И все же она позволяет быть объектом их грязных маленьких фантазий. Почему? Конечно же, она выше подобных низостей, тронутая благодатью.
Не знаю, как долго я остаюсь на своем месте, но со временем в клубе становится все больше и больше людей. Иден бросается разносить напитки, и мой наблюдательный пункт теряет свою функциональность. Я ловлю себя на том, что расстраиваюсь, и выхожу из тени. И тут я чувствую, как чья-то рука ложится на мою. Повернувшись, я смотрю на миниатюрную темноволосую девушку. Узнавание мелькает на задворках моей памяти.
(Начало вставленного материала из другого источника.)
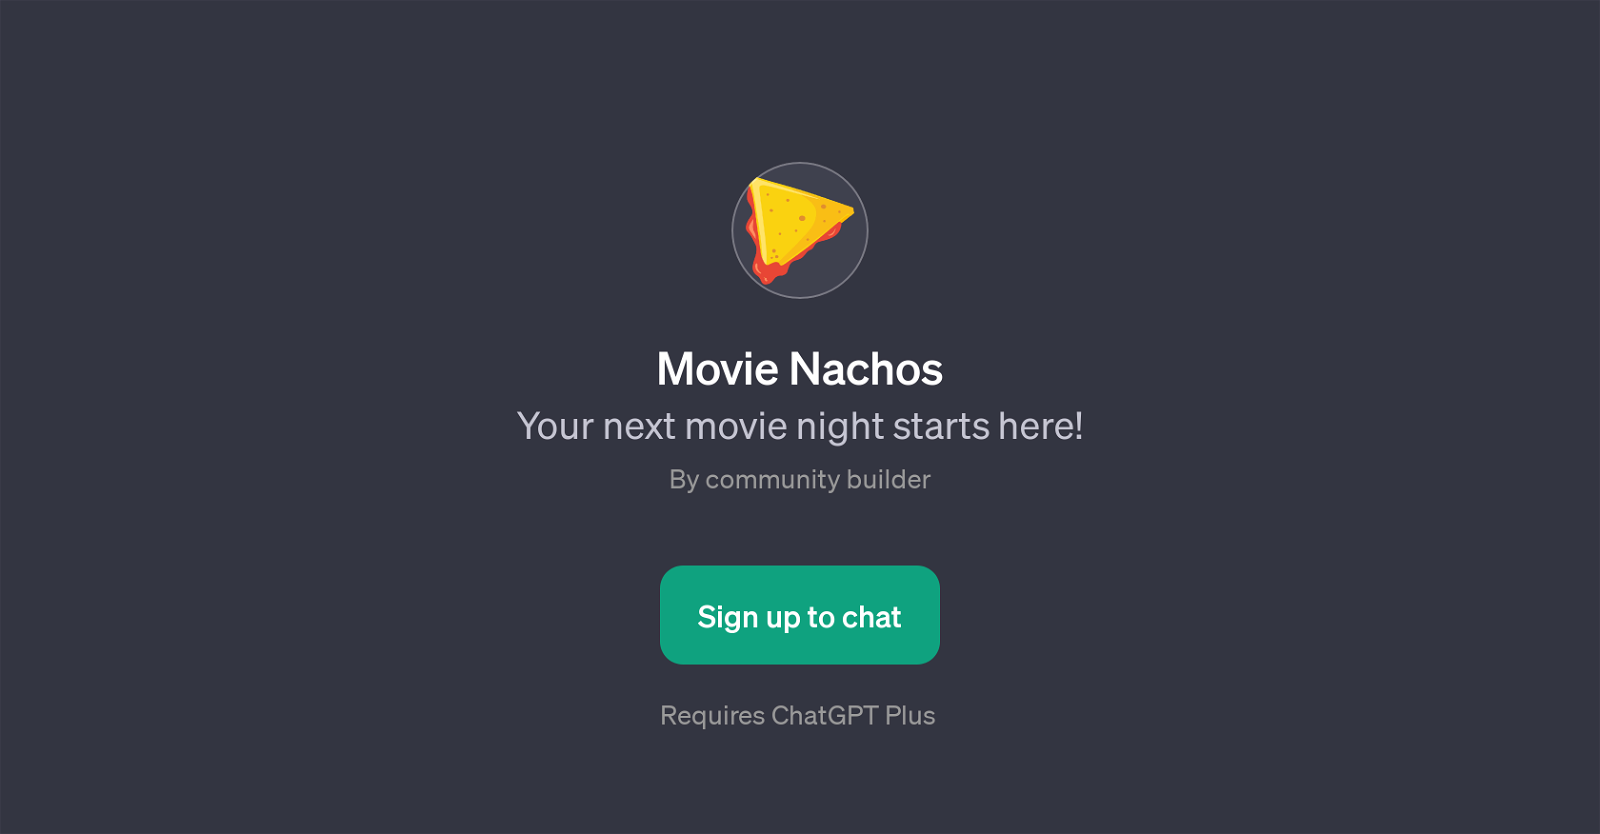 Movie Nachos website
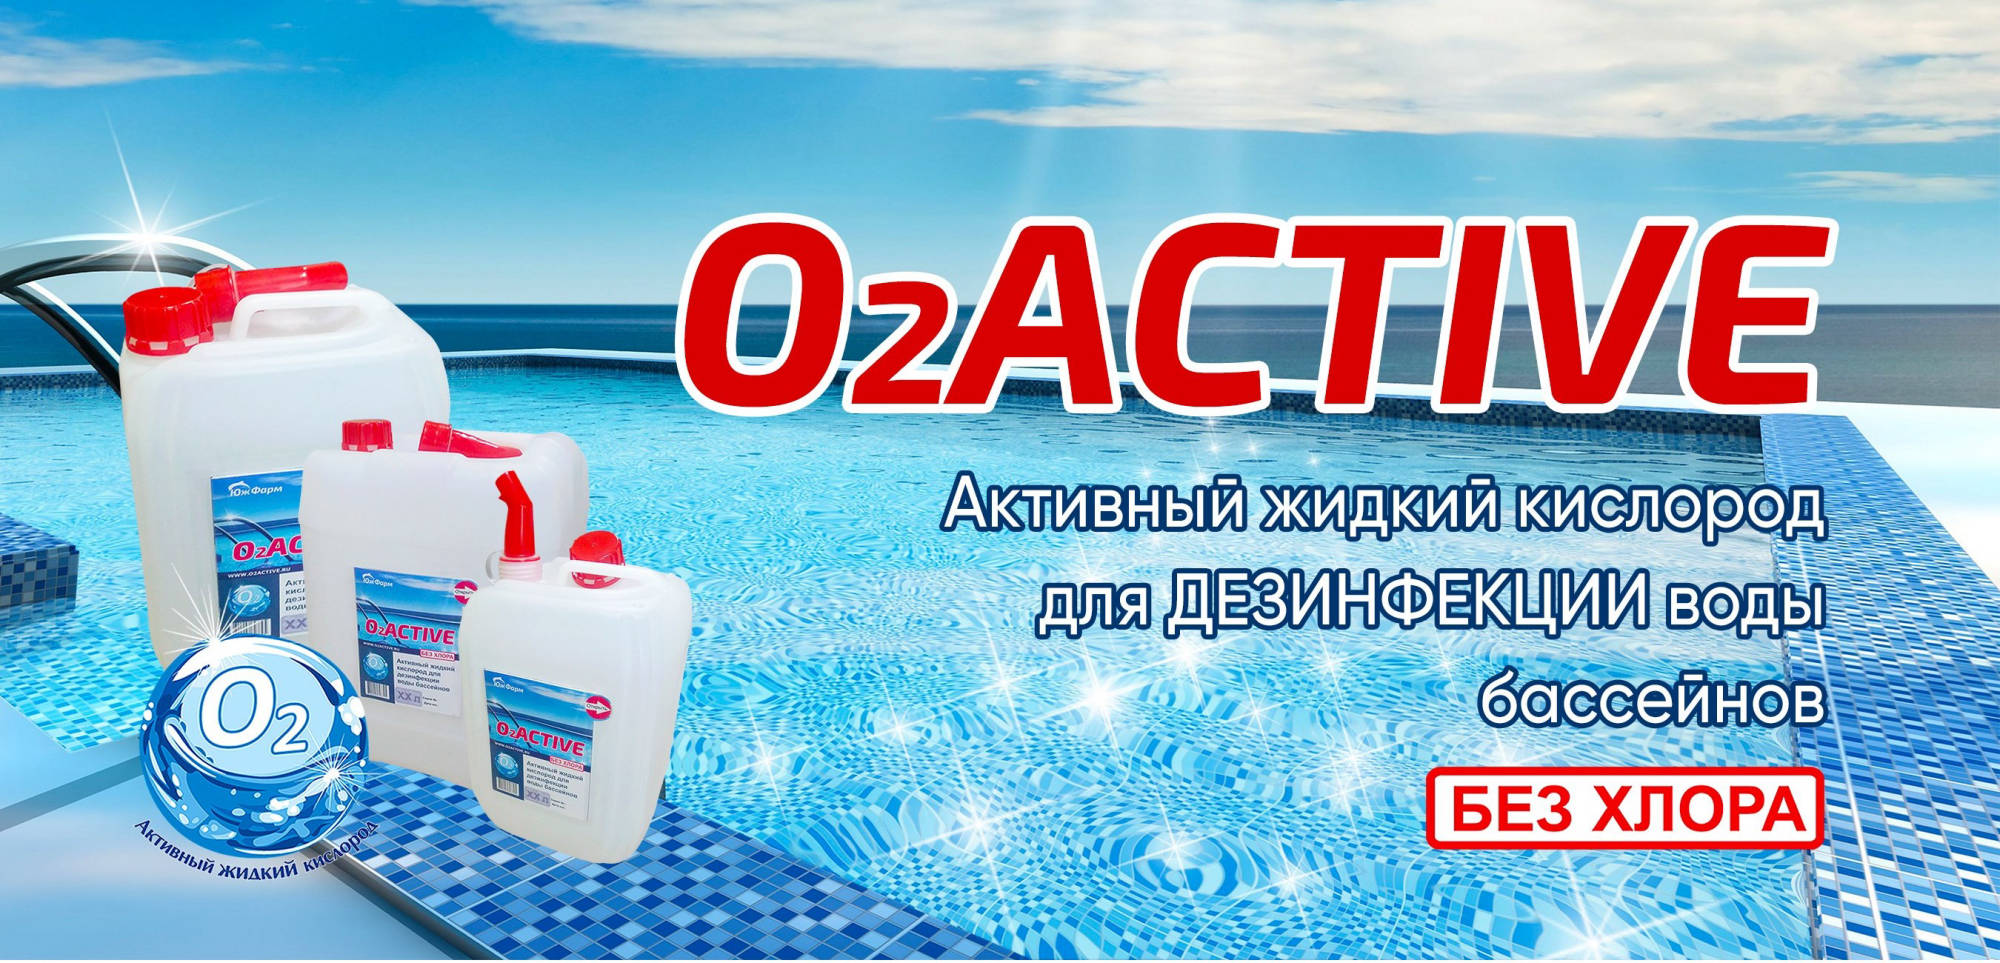 O2Active - активный жидкий кислород для дезинфекции воды бассейнов

— Сейнт? Джудас хочет видеть тебя. — Ах, да, я знаю ее. Она маленькая одержимость Джудаса. Его собственная грешница, созданная для него. Делайла Томас или, я полагаю, теперь Кингсли. Он женился на ней, чтобы спасти от меня, потому что семья… всегда под защитой. Он искусно использовал лазейку.
— Я здесь не ради брата.
Она вздыхает.
— Тогда он спустится сюда сам.
Мой брат не доверяет мне даже в лучшие времена, что с его стороны смешно. Я позволяю своим глазам с омерзением скользнуть по ее телу. На ней такой же топ, как у Иден, но джинсы кажутся в два раза теснее. Да она кричит о грехопадении всем своим видом. Неудивительно, что Джудас так любит ее. Подняв руку, она заправляет прядь волос за ухо, на пальце блестит золотое обручальное кольцо — самая гнусная насмешка над святостью церкви, какую я когда-либо видел.
Не говоря ни слова, я поворачиваюсь к ней спиной и ухожу. Джудас никто иной, как грешник. В тот день, когда подчинюсь его прихотям, я начну поклоняться дьяволу. Когда же он поймет, что мы с ним обладаем совершенно разными сущностями? Он будет гореть в пламени ада, а я буду смеяться, потому что это меньшее, что он заслуживает. Его нельзя спасти. Даже мама так говорит. Отец испортил Джудаса еще до того, как у нее появился шанс его спасти. Жадность Джудаса испортила его и увлекла во тьму.
Снаружи люди все еще стоят в очереди, чтобы попасть внутрь, несмотря на то что сейчас почти три часа ночи. Температура прямо балтийская по сравнению с клубной сауной, но холод успокаивает разгоряченную спину.
Я прохожу пару улиц к тому месту, где стоит моя машина. Сев в нее, я завожу двигатель, но делаю паузу, потому что не знаю, куда ехать. А я всегда знаю, куда направляюсь. В это время я должен быть в «Салвейшен», работать, надзирать — существовать. Это не то место, где я хочу быть.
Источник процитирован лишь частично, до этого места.